WHAT YOU WILL DO: Give again, word for word, each line below starting at the one that contains "糸魚川大火からの復興「糸魚川青年会議所創立50周年記念事業 ミュ" and ending at the one that contains "Corso di Judo e Karate".

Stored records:
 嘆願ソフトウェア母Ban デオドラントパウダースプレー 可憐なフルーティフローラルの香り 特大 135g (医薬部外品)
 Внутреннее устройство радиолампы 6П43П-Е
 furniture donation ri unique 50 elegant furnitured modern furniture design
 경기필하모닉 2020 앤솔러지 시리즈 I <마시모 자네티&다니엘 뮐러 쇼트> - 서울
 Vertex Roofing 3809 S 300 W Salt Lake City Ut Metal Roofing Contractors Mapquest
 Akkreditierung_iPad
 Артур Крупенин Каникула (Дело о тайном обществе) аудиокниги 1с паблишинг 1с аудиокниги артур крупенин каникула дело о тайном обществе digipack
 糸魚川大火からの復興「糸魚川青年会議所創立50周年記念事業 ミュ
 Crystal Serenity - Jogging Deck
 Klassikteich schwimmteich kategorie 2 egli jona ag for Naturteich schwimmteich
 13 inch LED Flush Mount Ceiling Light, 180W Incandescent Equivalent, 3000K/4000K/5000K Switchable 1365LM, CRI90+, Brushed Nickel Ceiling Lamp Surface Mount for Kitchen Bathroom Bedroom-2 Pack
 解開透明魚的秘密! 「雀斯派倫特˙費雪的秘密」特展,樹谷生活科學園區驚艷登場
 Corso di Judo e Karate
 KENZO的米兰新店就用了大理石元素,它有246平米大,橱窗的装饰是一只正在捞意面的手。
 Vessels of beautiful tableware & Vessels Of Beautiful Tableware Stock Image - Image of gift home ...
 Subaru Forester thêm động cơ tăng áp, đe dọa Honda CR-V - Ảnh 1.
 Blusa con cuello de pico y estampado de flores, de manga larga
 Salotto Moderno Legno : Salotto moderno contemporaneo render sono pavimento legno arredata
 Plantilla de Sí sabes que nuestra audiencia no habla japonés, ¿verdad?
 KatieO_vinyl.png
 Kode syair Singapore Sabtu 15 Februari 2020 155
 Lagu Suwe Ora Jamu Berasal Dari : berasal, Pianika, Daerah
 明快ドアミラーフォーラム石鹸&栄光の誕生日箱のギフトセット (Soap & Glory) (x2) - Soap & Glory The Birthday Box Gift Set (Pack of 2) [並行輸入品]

THE ANSWER:
 糸魚川大火からの復興「糸魚川青年会議所創立50周年記念事業 ミュ
 Crystal Serenity - Jogging Deck
 Klassikteich schwimmteich kategorie 2 egli jona ag for Naturteich schwimmteich
 13 inch LED Flush Mount Ceiling Light, 180W Incandescent Equivalent, 3000K/4000K/5000K Switchable 1365LM, CRI90+, Brushed Nickel Ceiling Lamp Surface Mount for Kitchen Bathroom Bedroom-2 Pack
 解開透明魚的秘密! 「雀斯派倫特˙費雪的秘密」特展,樹谷生活科學園區驚艷登場
 Corso di Judo e Karate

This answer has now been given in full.